How does search engine work? 04/18 Update SLTechnology News&Howtos

How does search engine work?

2025-04-18 Update From: SLTechnology News&Howtos shulou NAV: SLTechnology News&Howtos > Internet Technology >

Shulou(Shulou.com)06/01 Report--

This article introduces the relevant knowledge of "what is the working principle of search engine". In the operation of actual cases, many people will encounter such a dilemma, so let the editor lead you to learn how to deal with these situations. I hope you can read it carefully and be able to achieve something!

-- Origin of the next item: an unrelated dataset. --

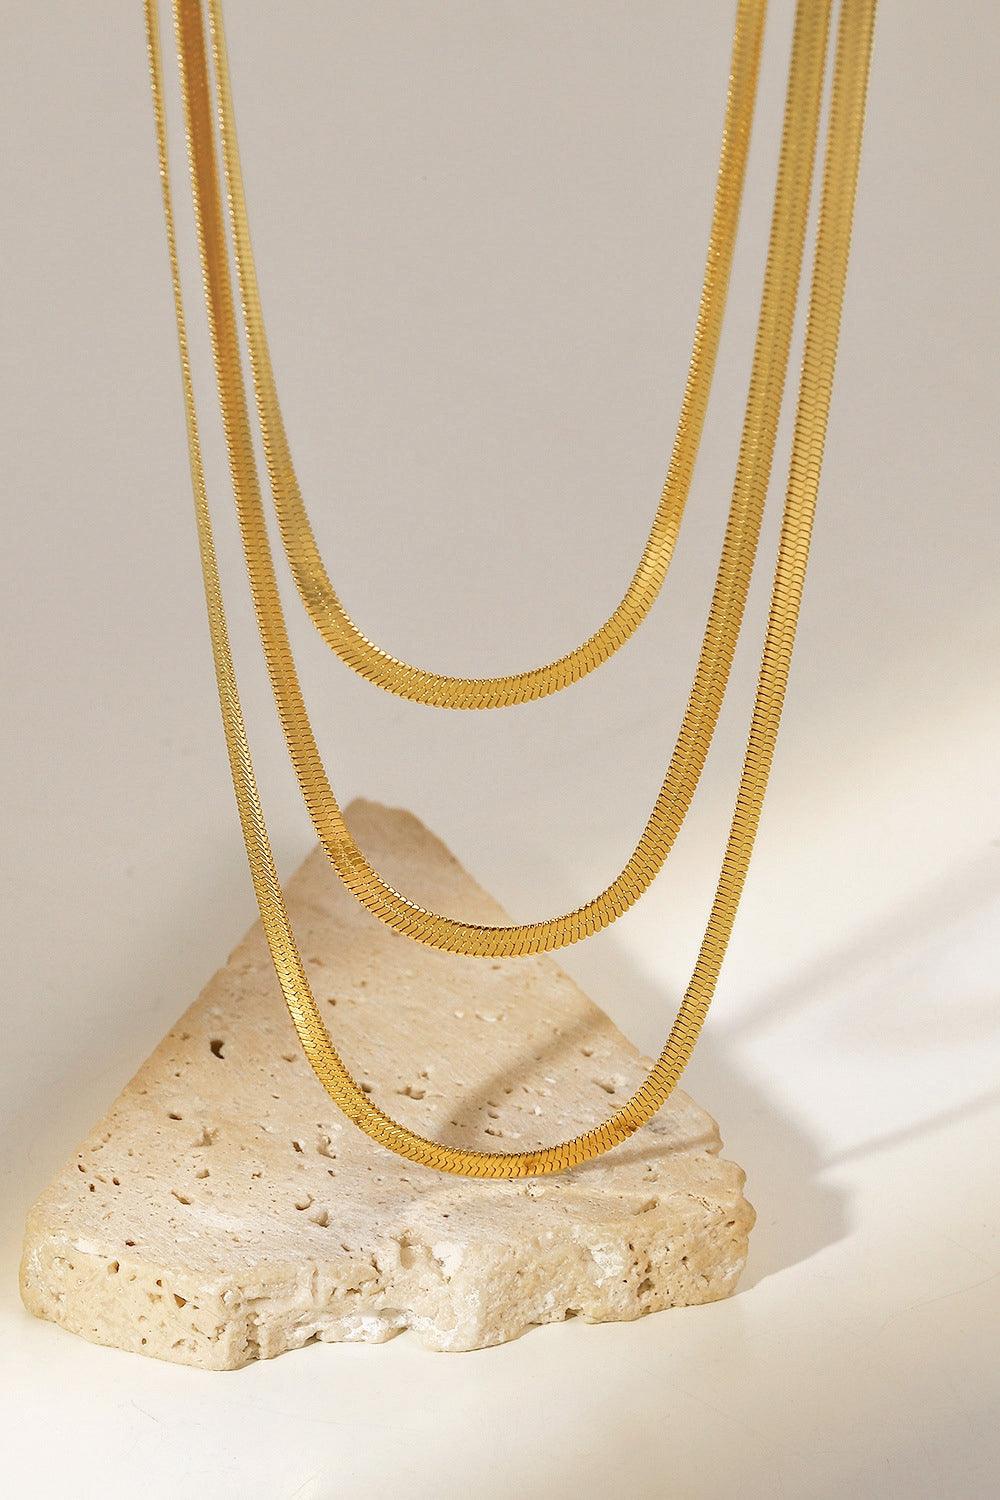 Triple-Layered Snake Chain Necklace - Glamorous Boutique USA L.L.C.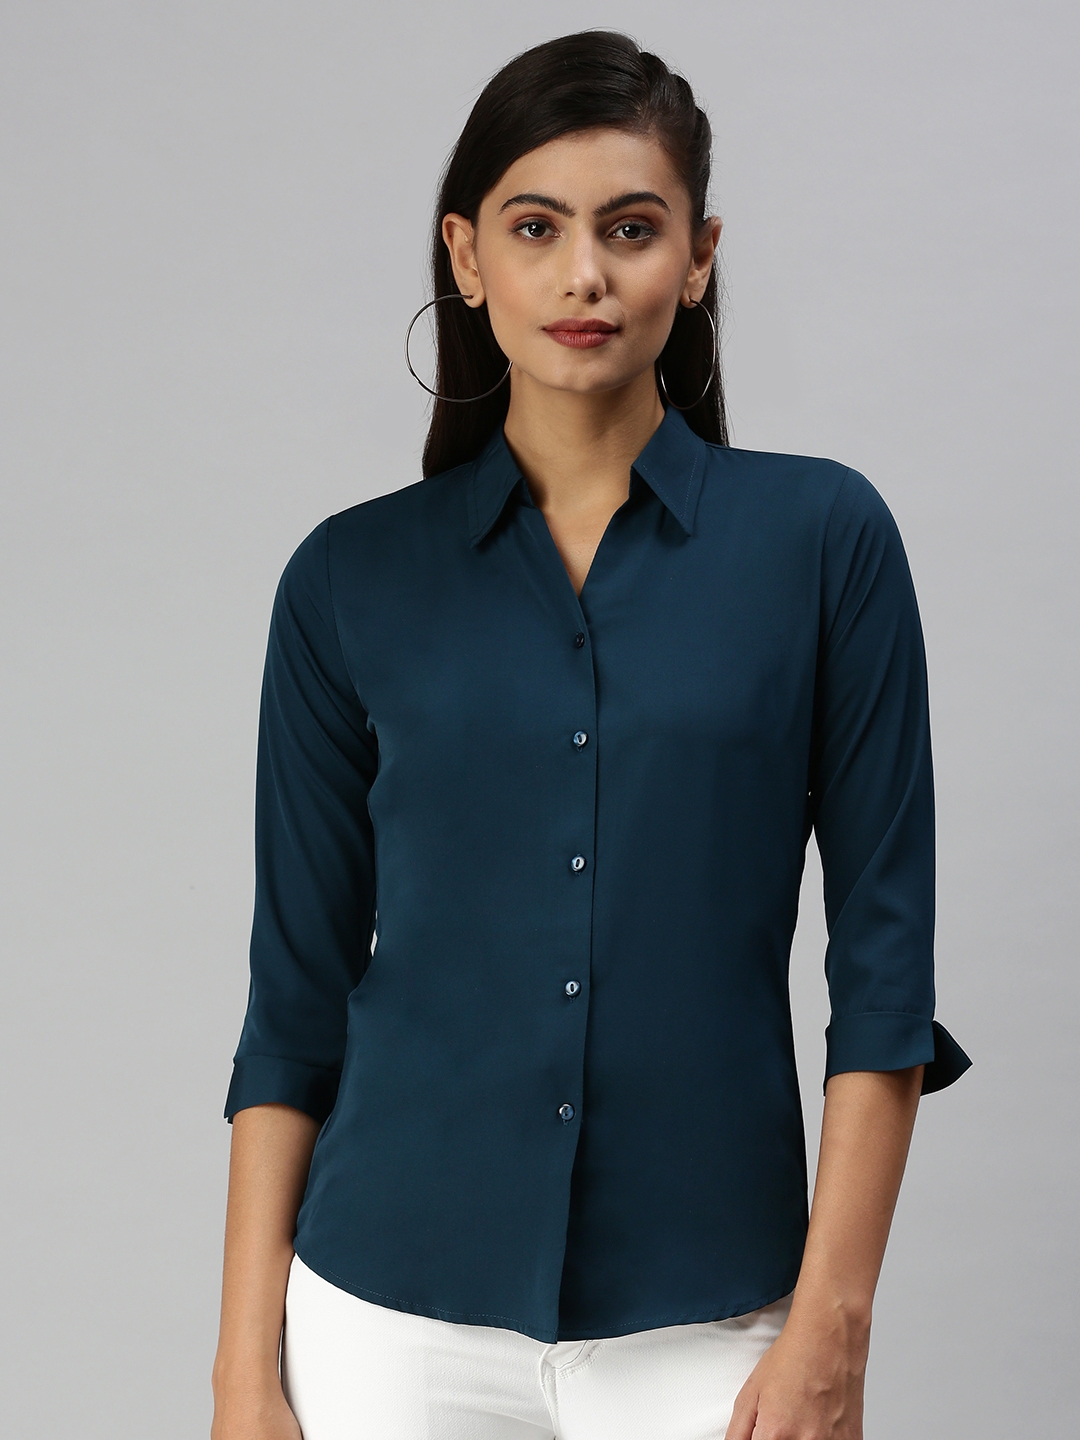 Women's Blue Polyester Solid Casual Shirts

The development process of search engine

The ancestor of the modern search engine is Archie, which was invented by Alan Emtage, a student at the University of Montreal in 1990. Even without the Internet, file transfers in the network are still quite frequent, and because a large number of files are scattered in various scattered FTP hosts, it is very inconvenient to query, so Alan Emtage came up with the idea of developing a system that can find files by file name, so there is Archie. The working principle of Archie is very similar to that of the current search engine. It relies on script programs to automatically search the files on the Internet, and then index the relevant information for users to query with certain expressions.

After the rise of the Internet, tools that can be monitored are needed. The world's first "robot" program to monitor the scale of the Internet was World wide Web Wanderer developed by Matthew Gray. At first, it was only used to count the number of servers on the Internet, and later developed to be able to retrieve the domain name of a website.

With the rapid development of the Internet, a large number of new websites and web pages are added every day, and it becomes more and more difficult to retrieve all the new web pages. therefore, on the basis of Matthew Gray's Wanderer, some programmers have made some improvements to the working principle of the traditional "spider" program. Modern search engines are developed on this basis.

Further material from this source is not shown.